А потом наступило время третьей попытки, которая доконала Писарева. Он, как и я, продержался до самого конца. И его светящийся серебряный силуэт погас.
Я не мог заснуть. Вышел из барака и начал бродить по спящей деревне. А потом забрался на сеновал, где Света отдалась мне, и крепко заснул.
Разбудили меня бойкие голоса. Я прислушался к ним и узнал голос Сергея Писарева. Чтобы удостовериться в этом, я выбрался из своего уютного убежища. По грунтовой дороге шли двое. Они негромко разговаривали между собой. Я мгновенно узнал их. Светочка и Сергей Писарев шли, взявшись за руки. Я обрадовался, что дела у Сережи не так уж плохи. А они шли и шли по дороге в сторону леса. Праздное любопытство разобрало меня, и я пошел за ними следом, стараясь быть незамеченным, чему способствовали старые телеграфные столбы и поле с перезрелым горохом. Скоро я потерял их из виду, потому что они вошли в густой лес и скрылись среди деревьев. Я подумал было, что они отправились за грибами, но над лесом вдруг взмыла пара белых лебедей и, сделав прощальный круг над картофельным полем, скрылась из виду.
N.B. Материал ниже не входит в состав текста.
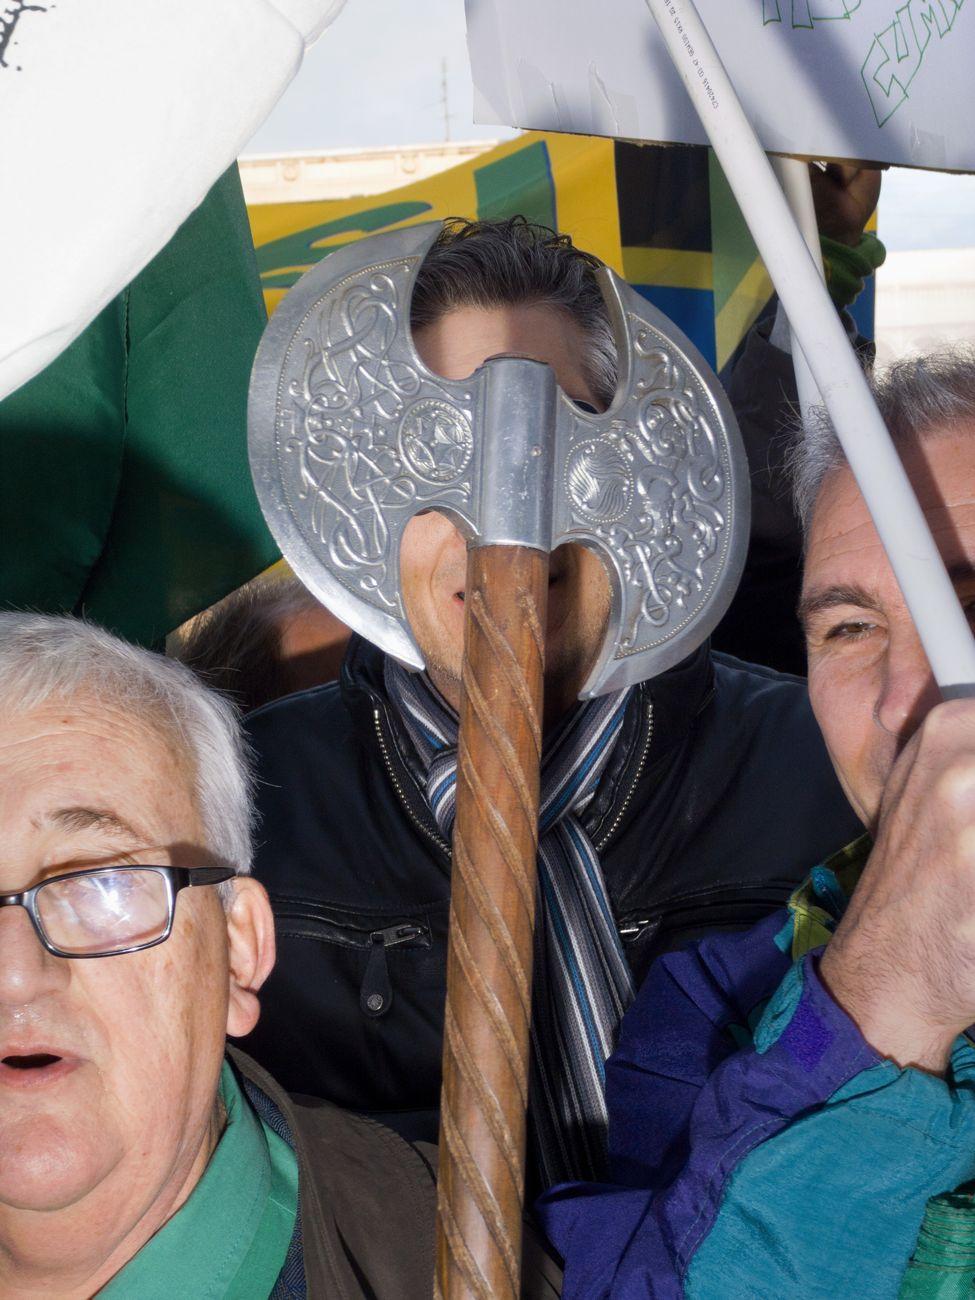 Luca Santese & Marco P. Valli, Realpolitik - Lega Nord Party
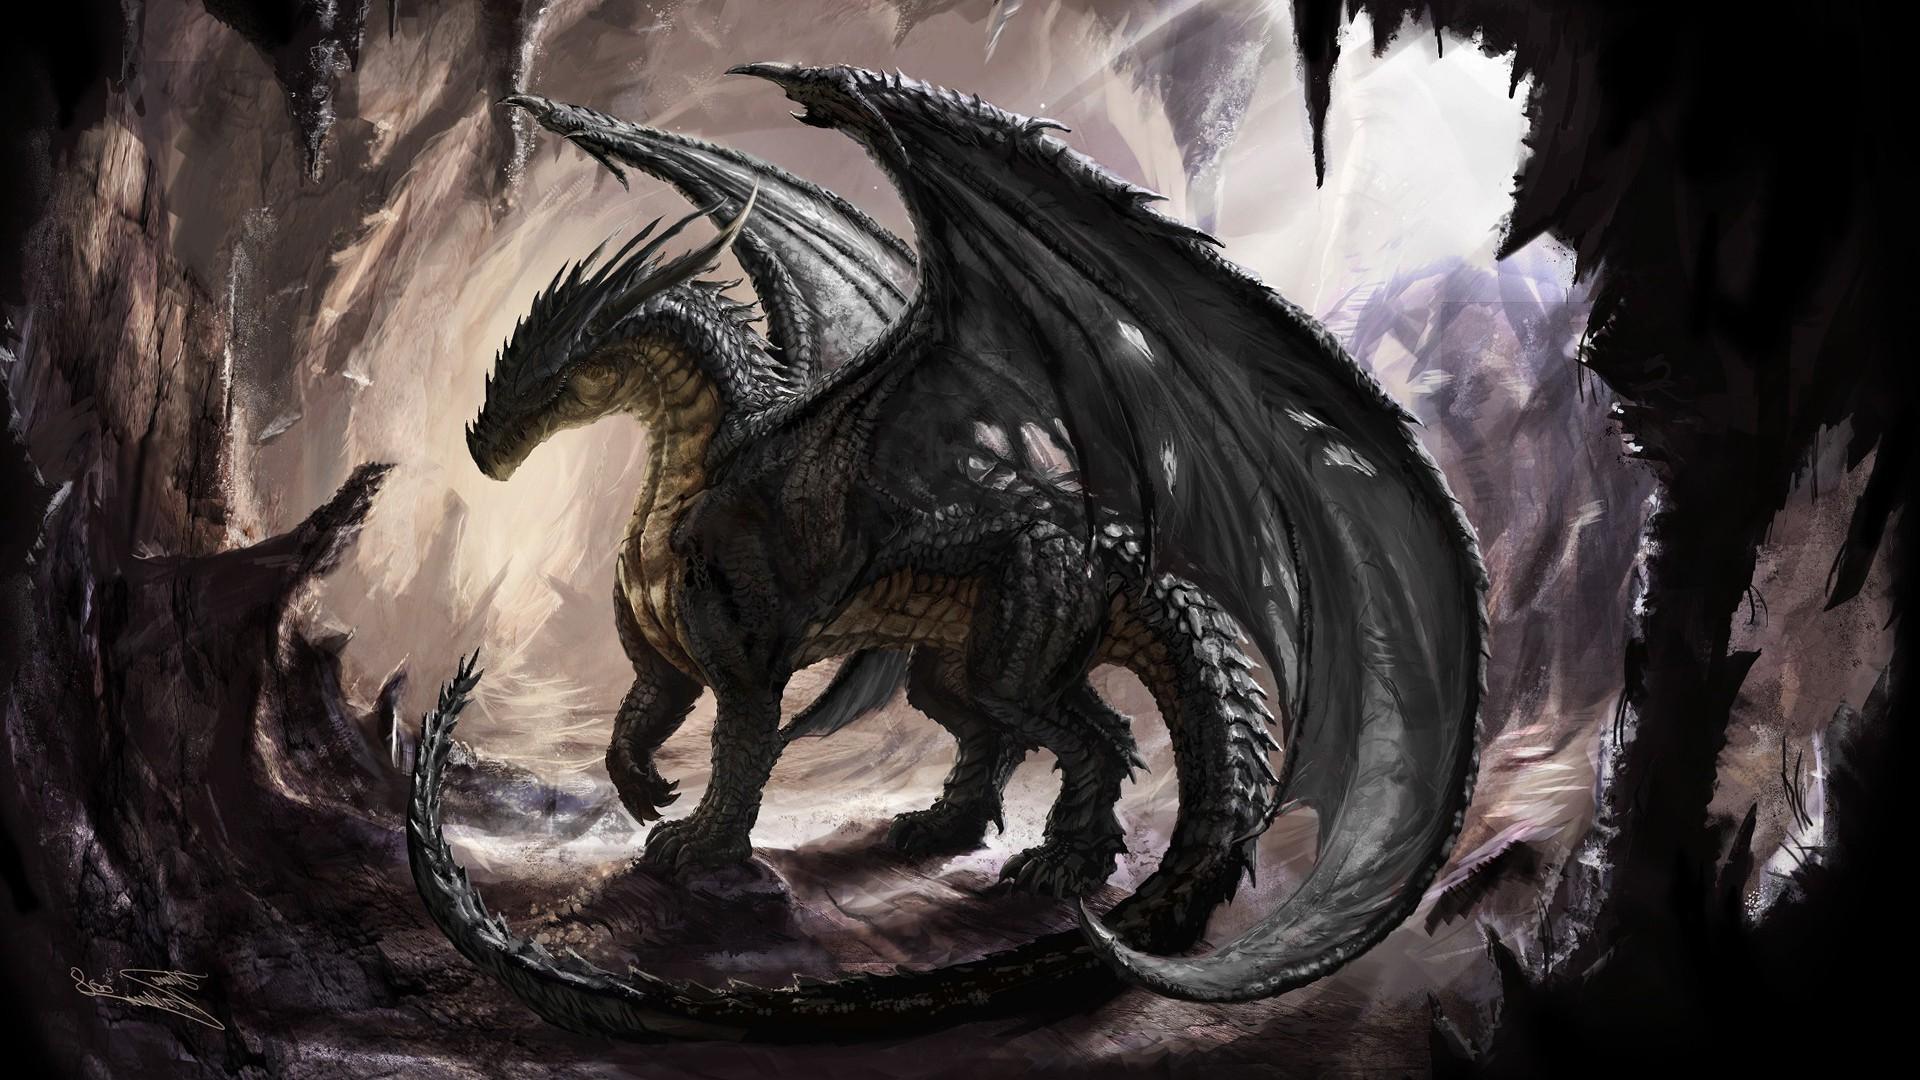 Anime Dragon Wallpaper 67 Images

А Светочка и Сережа так и пропали. Лишь Кондаков спросил меня вечером для порядка о них. Но я сказал ему, что их не видел. Не мог же я заявить ему, что они превратились в белых лебедей. Их никто не хватился, и скоро о них забыли. Только я несколько раз заходил в лес, искал их следы и одежду. Но так ничего не обнаружил. Я знал, что они неслучайно появились возле меня в деревне. Все это подтверждало, что мозговой штурм тщательно готовился независимо от моей воли, что сама высшая эволюция Земли приняла в нем живейшее участие. Мне была необходима помощь, и Света и Сергей Писарев эту помощь мне оказали. Я твердо верил, что они превратились в белых лебедей. Может, это и сказка, но сказка очень красивая. И все-таки за небольшими литературными изменениями, здесь проглядывает чистейшая правда.